Iowa start-up helps keep high-tech equipment on the go
The planter is greased and loaded with seed, the sun is out and soil conditions are fit. But, there’s a problem — a monitor in the cab is flashing an error about an incorrect setting, turning the promise of a productive day into a frustrating series of phone calls, text messages, user-manual searches and, potentially, a long wait for a service call.
It’s a scenario that’s becoming more common as farmers are inundated with technology, says Casey Niemann, president and founder of AgriSync, a mobile application that connects farmers to advisors in a live video session to more efficiently resolve those kinds of problems.
"We’ve surrounded the farmer with a lot of technology, but nobody wanted to talk about what happens when something breaks," says Niemann, who drew on his experiences growing up on a Kansas farm and working for Microsoft in developing AgriSync. "Our goal is to reduce downtime and get farmers help faster. If we can save farmers some downtime, that’s a good thing."

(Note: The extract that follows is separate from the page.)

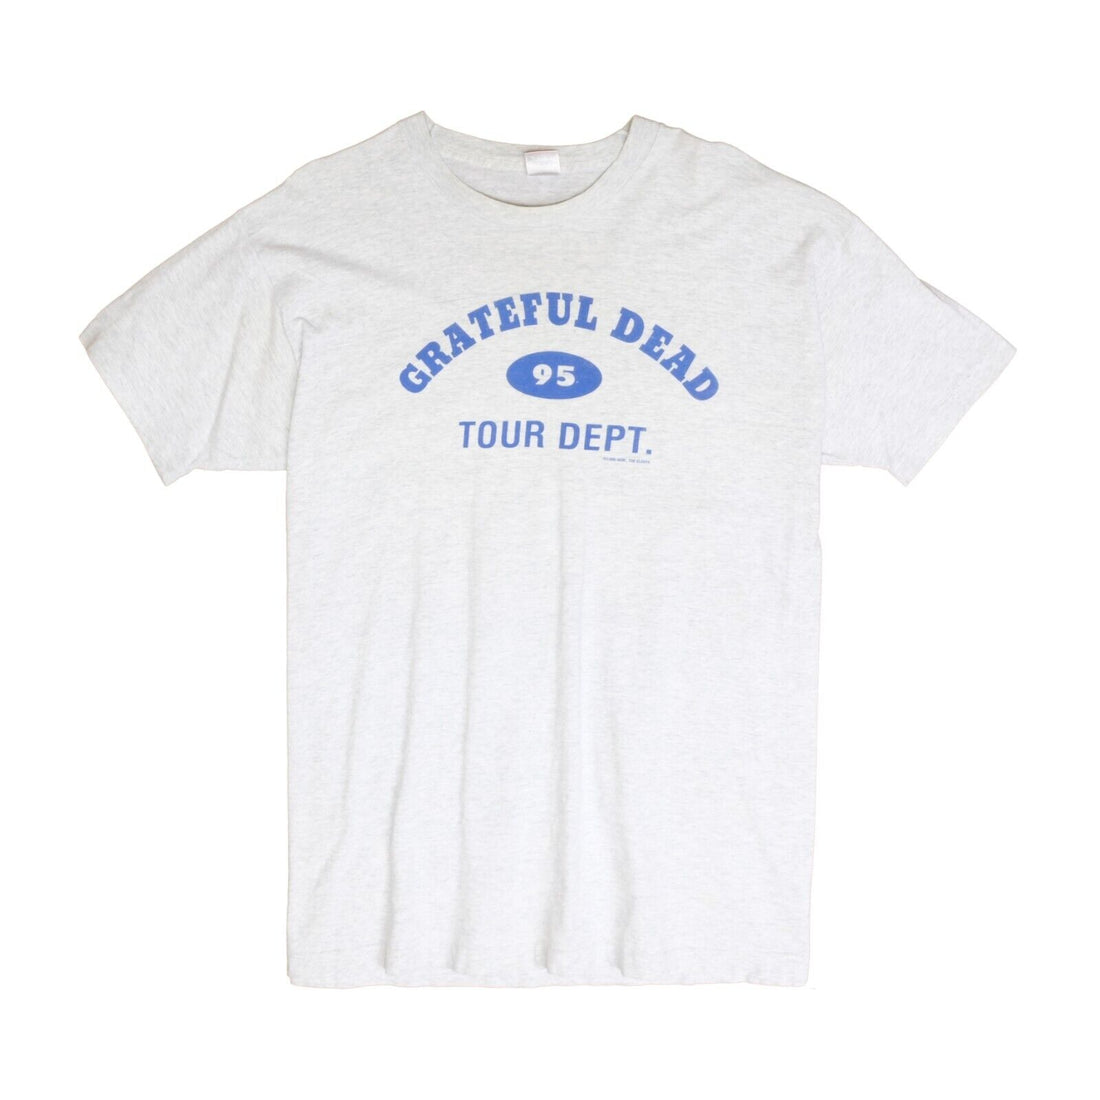 Vintage Grateful Dead Tour Dept T-Shirt Size 2XL Gray Band Tee 1996 90s

AgriSync, based in Dallas Center, recently launched its mobile app commercially after a couple years in development. The service was one of four finalists in the American Farm Bureau’s Rural Entrepreneurship Challenge in January. The company also worked with Iowa Farm Bureau’s Renew Rural Iowa program and the Iowa State University Entrepreneurship Center, which Niemann says provided invaluable help in mentoring and providing feedback for his business.

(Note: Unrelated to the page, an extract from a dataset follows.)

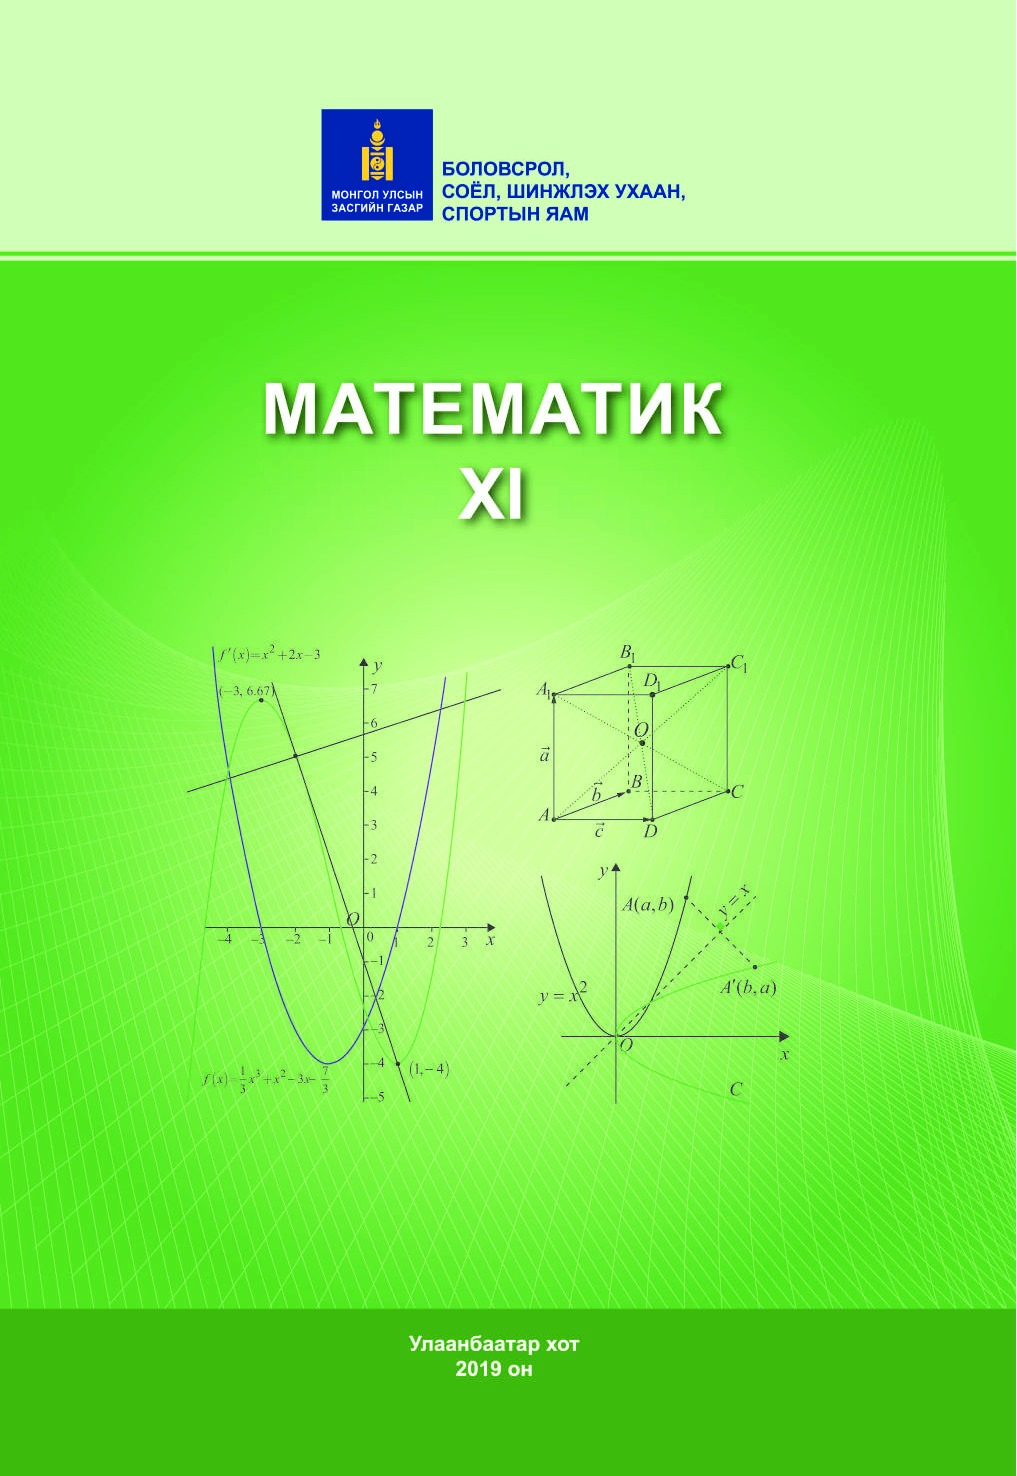 Математик-11 (21-22)

"If you could go and develop an ag start-up, you should do it in central Iowa," he says. "We’ve got a great start-up community in central Iowa."

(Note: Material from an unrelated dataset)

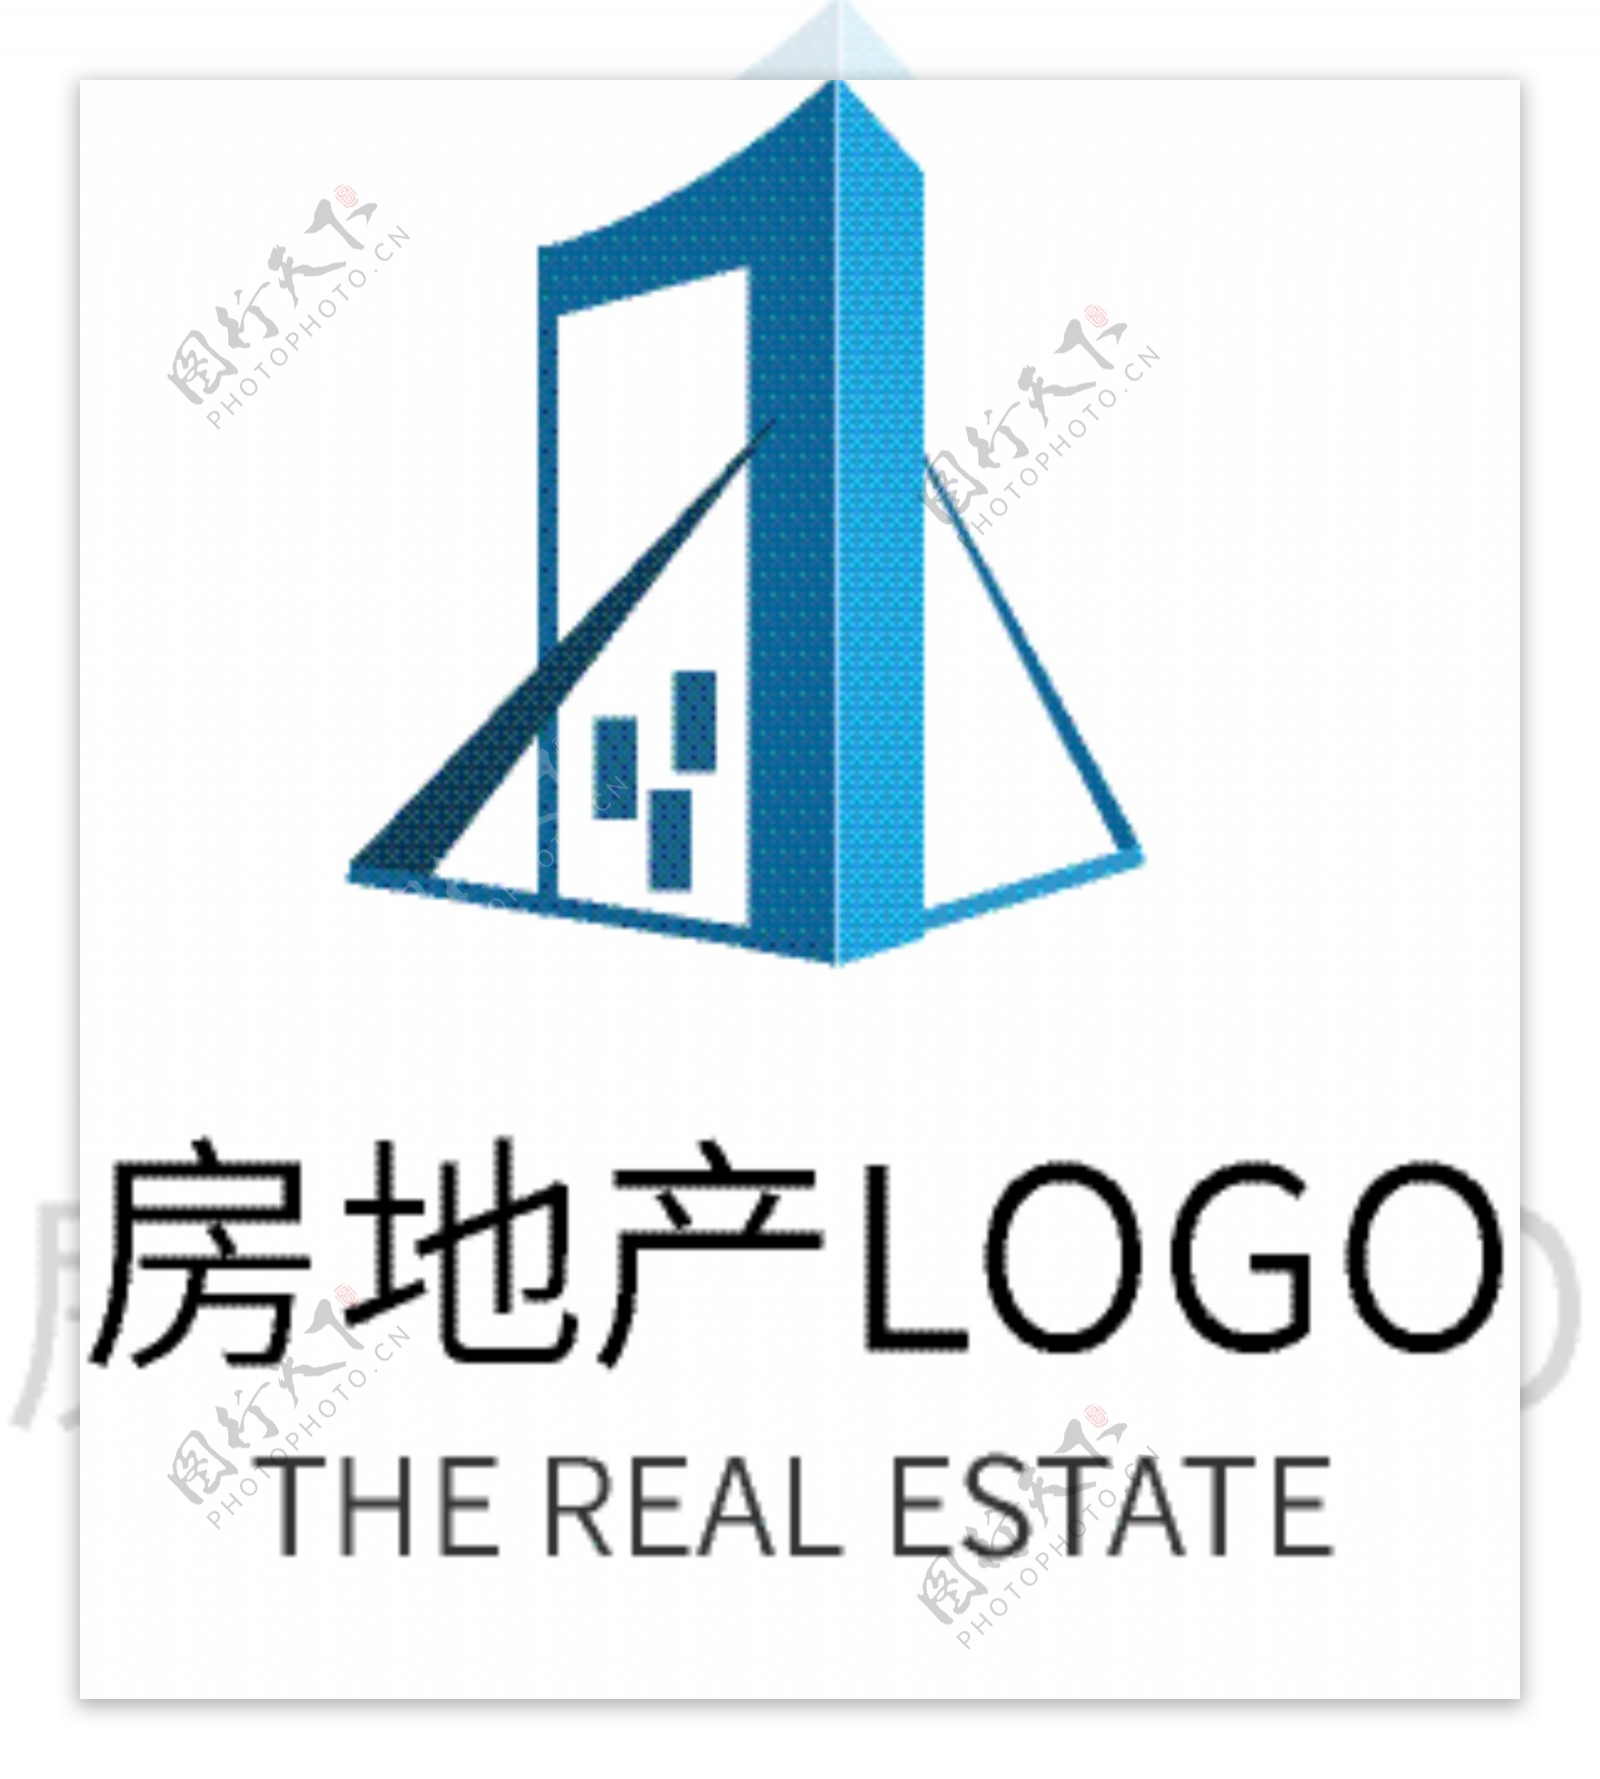 蓝色现代房地产商务企业logo

While troubleshooting in-cab technology issues has been the most common use this spring, Niemann says farmers are also using AgriSync to consult with their crop scouts, veterinarians and other key advisors all year long.
Scott Henry of LongView Farms in Story County says the AgriSync app helped him resolve a problem this spring by connecting with technicians at Van Wall Implement. He anticipates using it to verify activation codes or fix other software problems, which in the past typically have involved on-farm service calls.
"As the equipment and technology becomes more sophisticated where we can’t fix it ourselves, that’s where AgriSync has value," said Henry, the go-to guy for precision equipment and technology at LongView Farms. "If you can cut down on three service visits a year, it makes sense."
He’s also planning to use the app to consult with crop advisors, helping him identify and treat crop concerns or weed issues more promptly.
The ability to share live video means a crop scout might be able to diagnose a problem while cutting down on hours spent on the road, points out Mark Johnson, an Iowa State University Extension field agronomist who worked with AgriSync to test the app in its development stages.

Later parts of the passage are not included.